Start with the LangGraph travel planner. It is the flagship example because it exercises the real agent path on top of the universal target.callable integration: spec-driven test generation, inference outputs (conversations or agent actions), OTel-traced execution, and judge evidence. Phoenix/OpenInference auto-instrumentation captures the agent's OpenTelemetry spans so the judge cites tool calls, routing, and intermediate decisions in every verdict.
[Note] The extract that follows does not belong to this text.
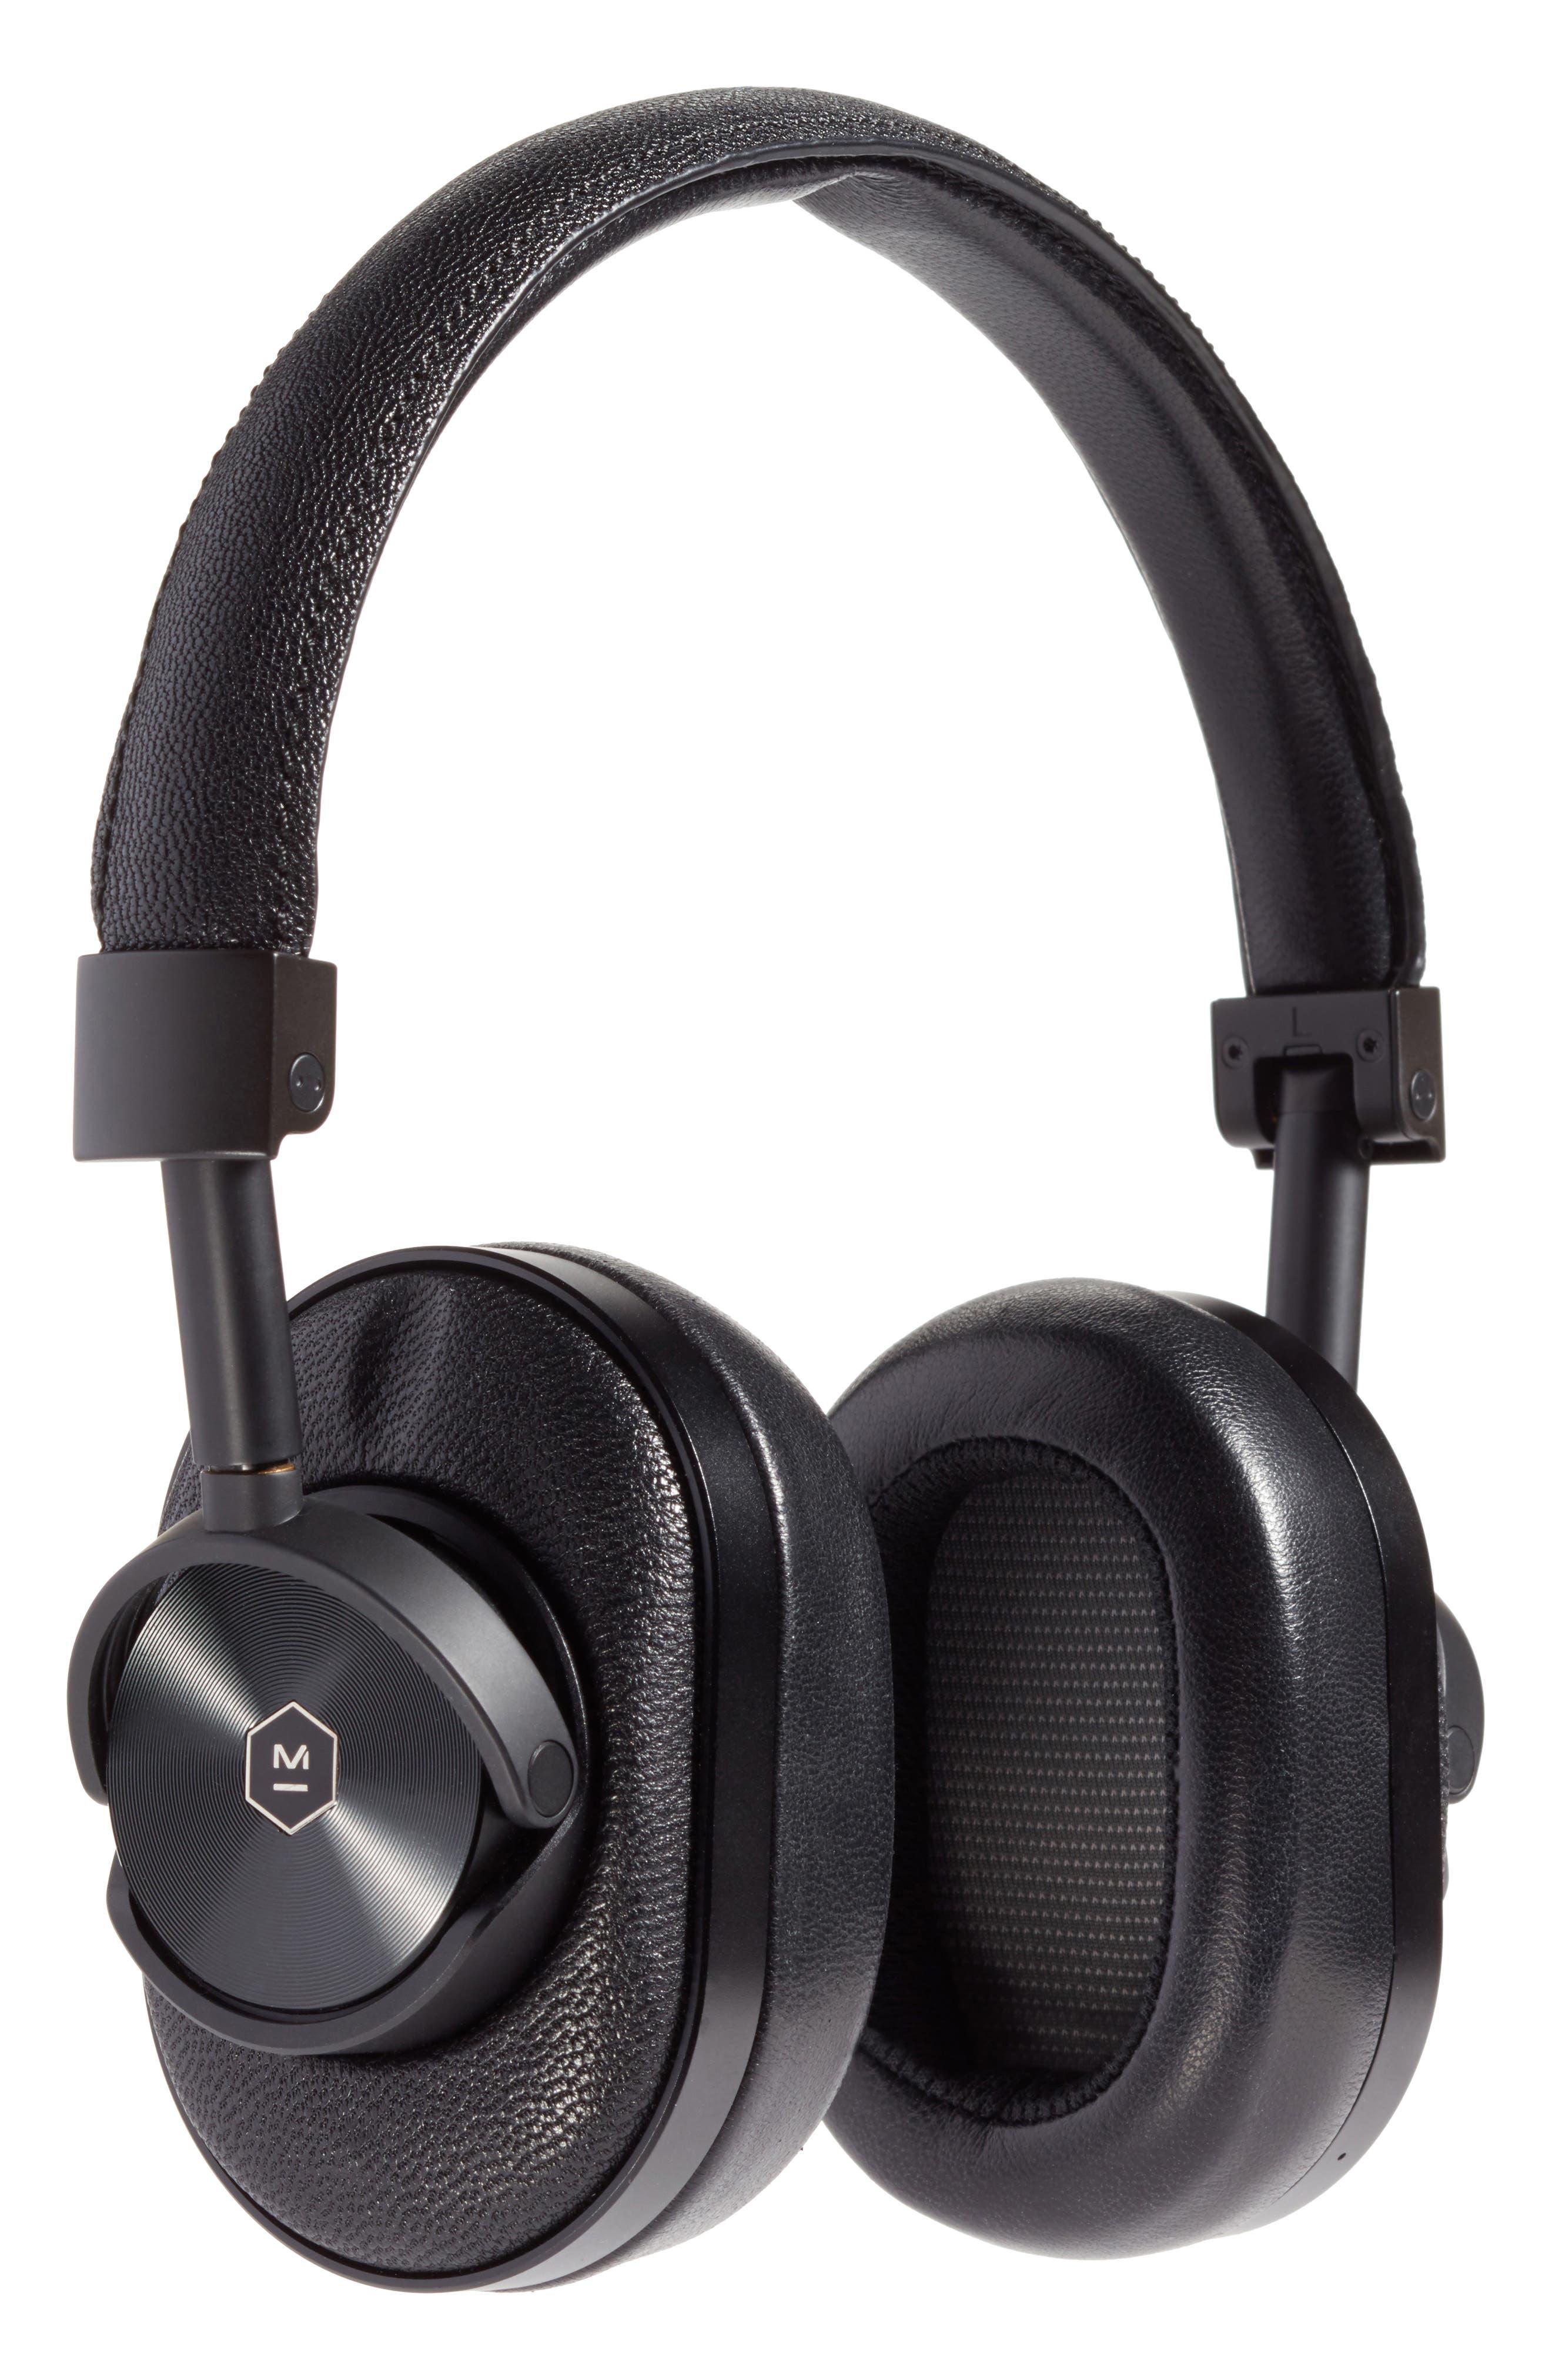 Main Image - Master & Dynamic MW60 Wireless Over-Ear Headphones

Any agent works. target.callable accepts any agent or multi-agent system you can invoke from a Python function — frameworks (LangGraph, CrewAI, AutoGen, OpenAI Agents SDK, DSPy, LlamaIndex, …), custom orchestration, REST clients, or thin wrappers around hosted models. The recommended integration adds the central helper (from assert_ai import auto_trace; auto_trace.enable()) so the judge can score tool use and routing, not just the final response.

First run

python -m venv .venv
./.venv/Scripts/Activate.ps1
python -m pip install --upgrade pip
python -m pip install -e ".[otel,langgraph]"
Copy-Item .env.example .env
# Edit .env with credentials for your provider. The shipped configs use `azure/...` models;
# any LiteLLM provider (OpenAI, Anthropic, Bedrock, Vertex, Ollama, …) works — see https://docs.litellm.ai/docs/providers.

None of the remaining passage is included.